*** AVAILABLE RECORDS Section Begins ***
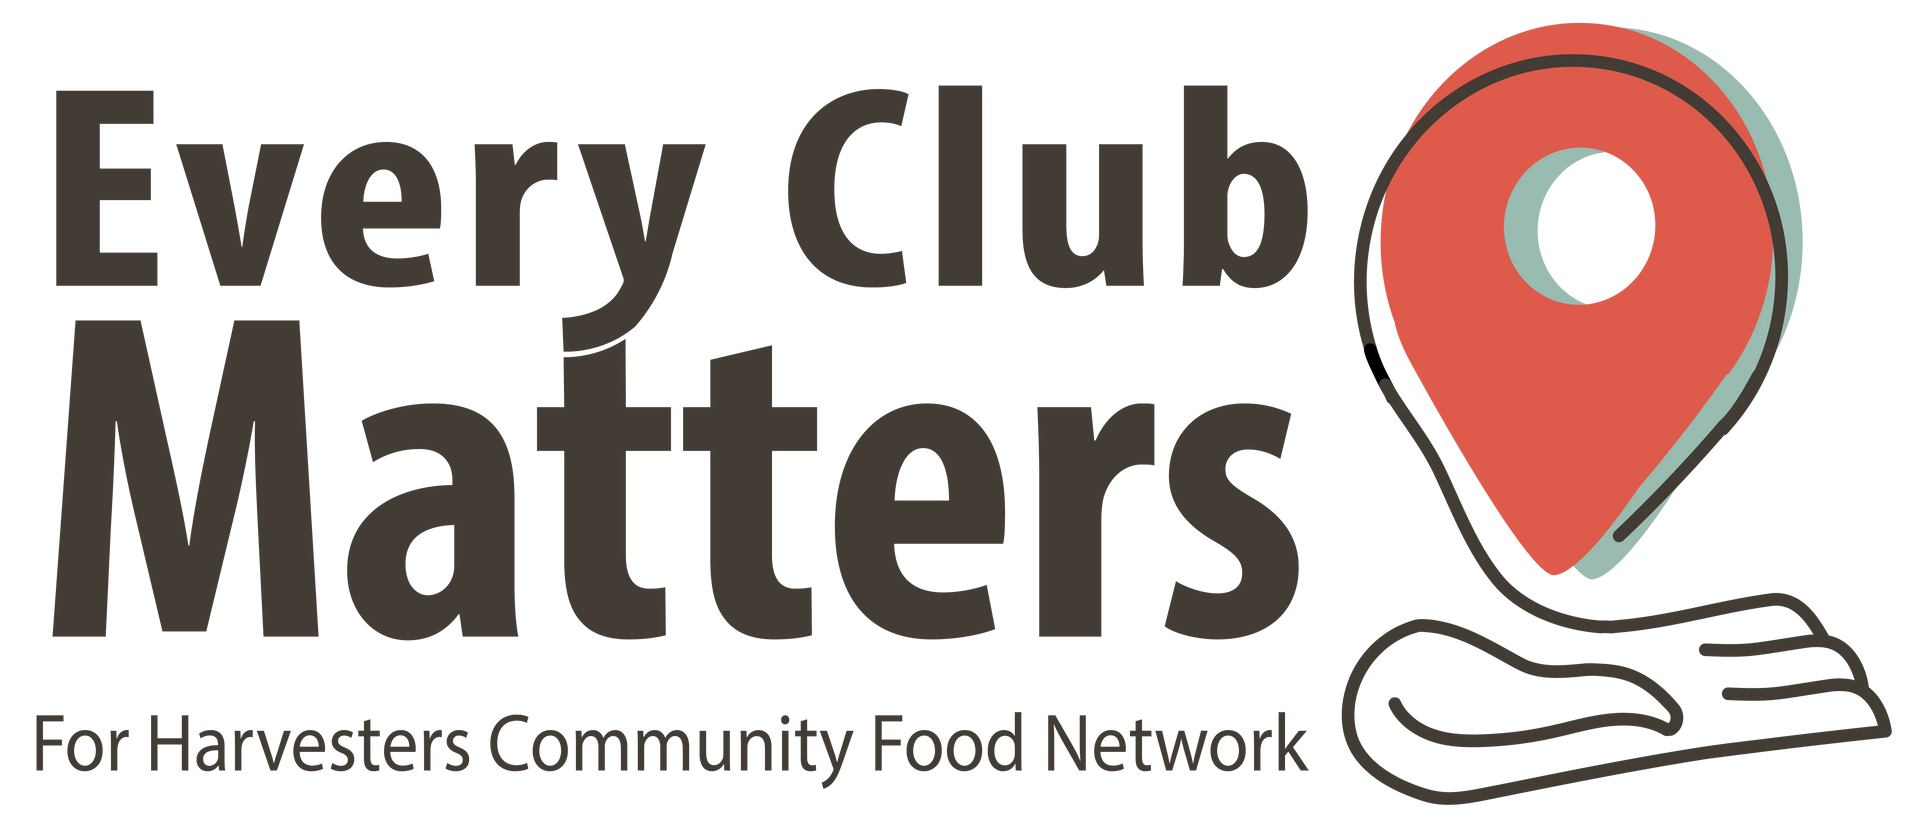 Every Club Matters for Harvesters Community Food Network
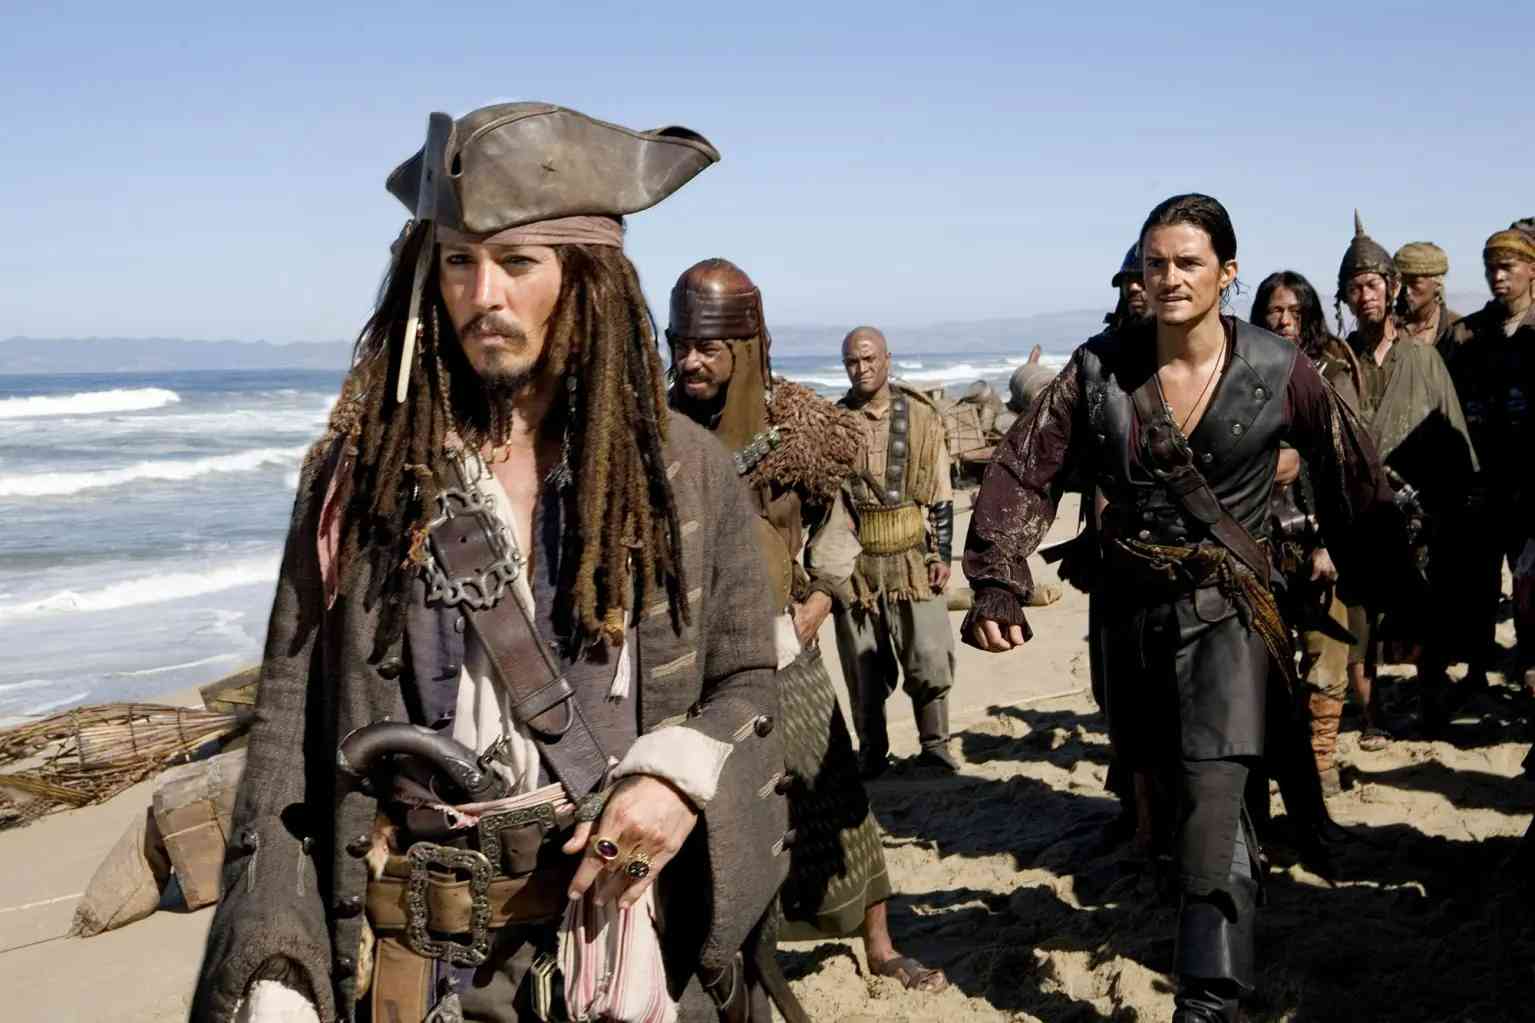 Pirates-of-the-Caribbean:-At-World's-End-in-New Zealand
*** AVAILABLE RECORDS Section Ends ***
*** AVAILABLE RECORDS Section Begins ***
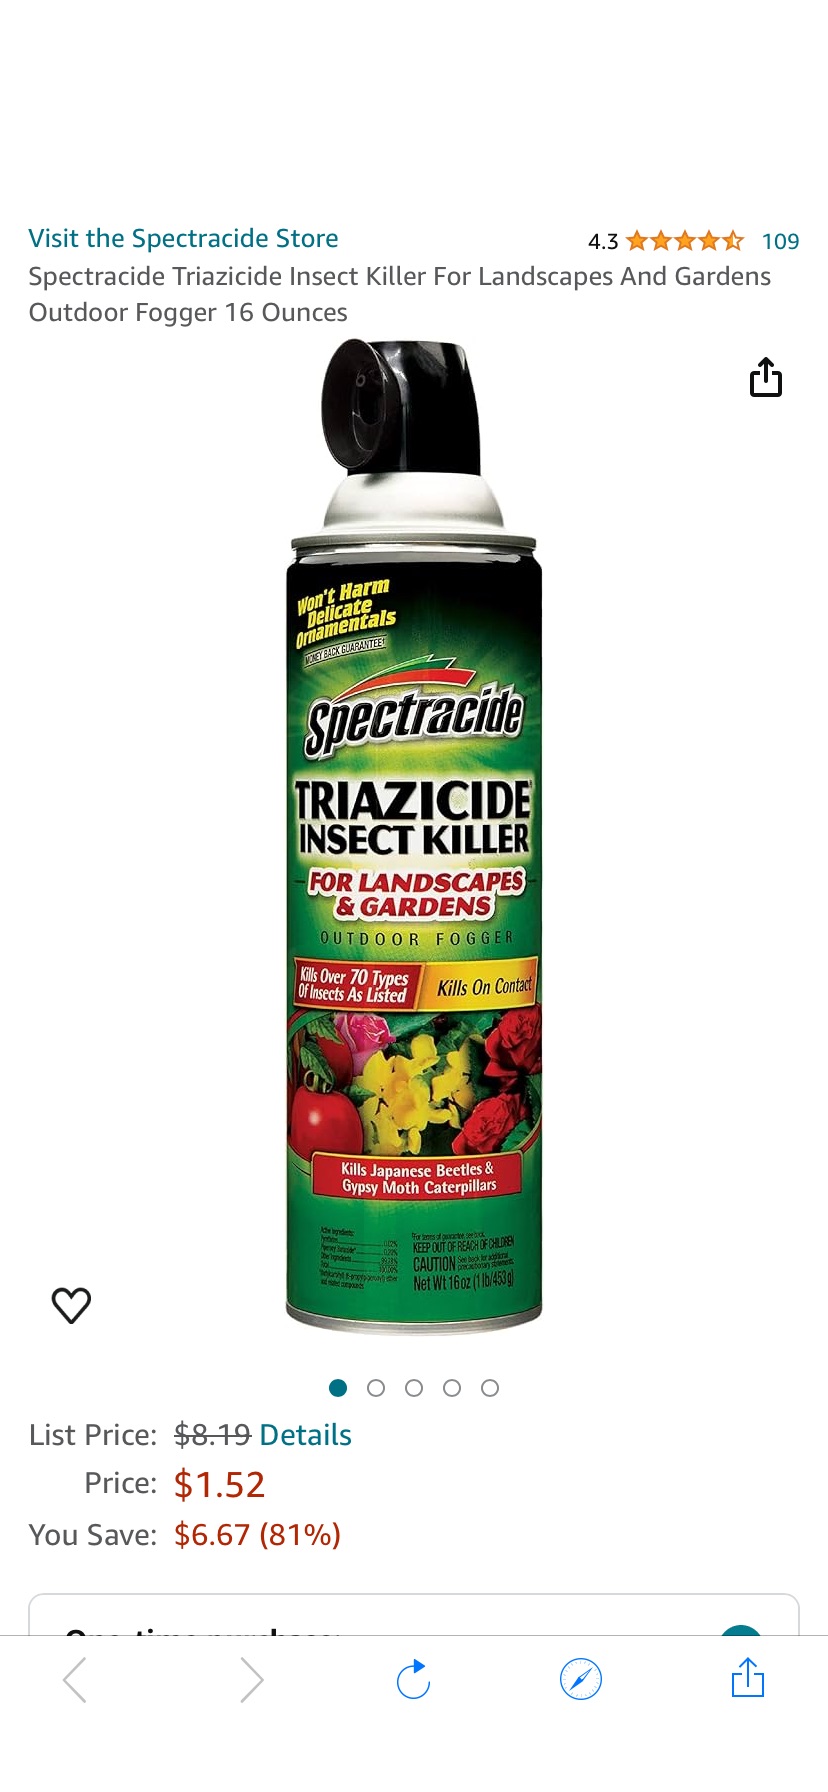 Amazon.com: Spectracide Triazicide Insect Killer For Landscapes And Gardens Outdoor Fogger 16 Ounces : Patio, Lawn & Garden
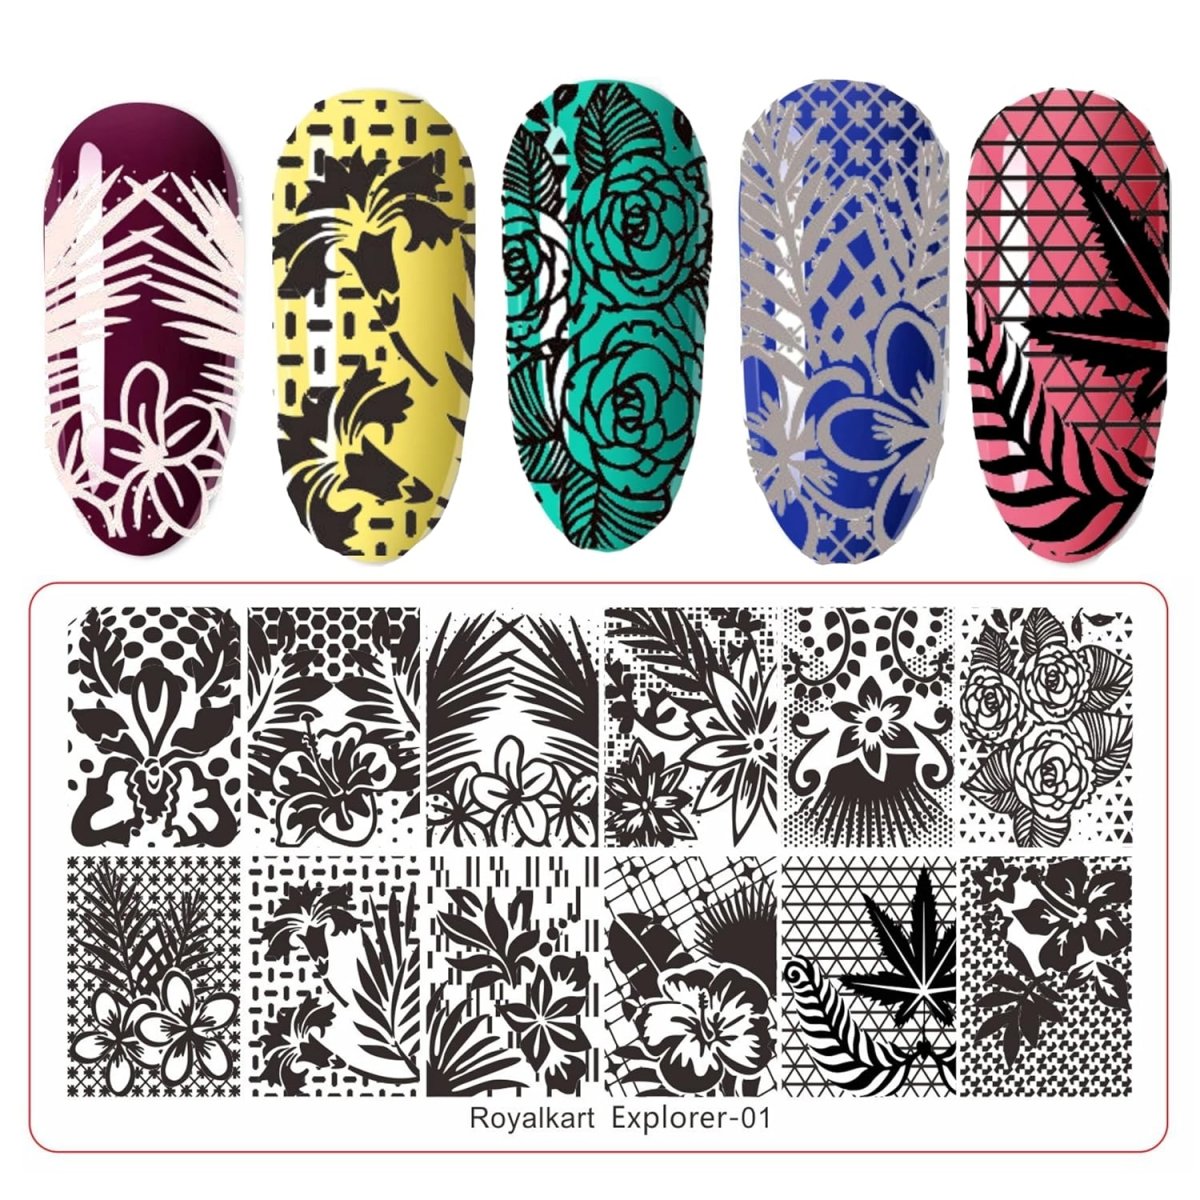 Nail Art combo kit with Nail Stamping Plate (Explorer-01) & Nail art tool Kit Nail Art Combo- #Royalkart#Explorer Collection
*** AVAILABLE RECORDS Section Ends ***
◆ **PROBLEM TO WORK ON**: Above are the records; copy exactly the lines from the one with "Amazon.com: Spectracide Triazicide" through the one with "Nail Art combo kit", including both, and nothing more. Leave out pictures.

◆ **RESULT**:
 Amazon.com: Spectracide Triazicide Insect Killer For Landscapes And Gardens Outdoor Fogger 16 Ounces : Patio, Lawn & Garden
 Nail Art combo kit with Nail Stamping Plate (Explorer-01) & Nail art tool Kit Nail Art Combo- #Royalkart#Explorer Collection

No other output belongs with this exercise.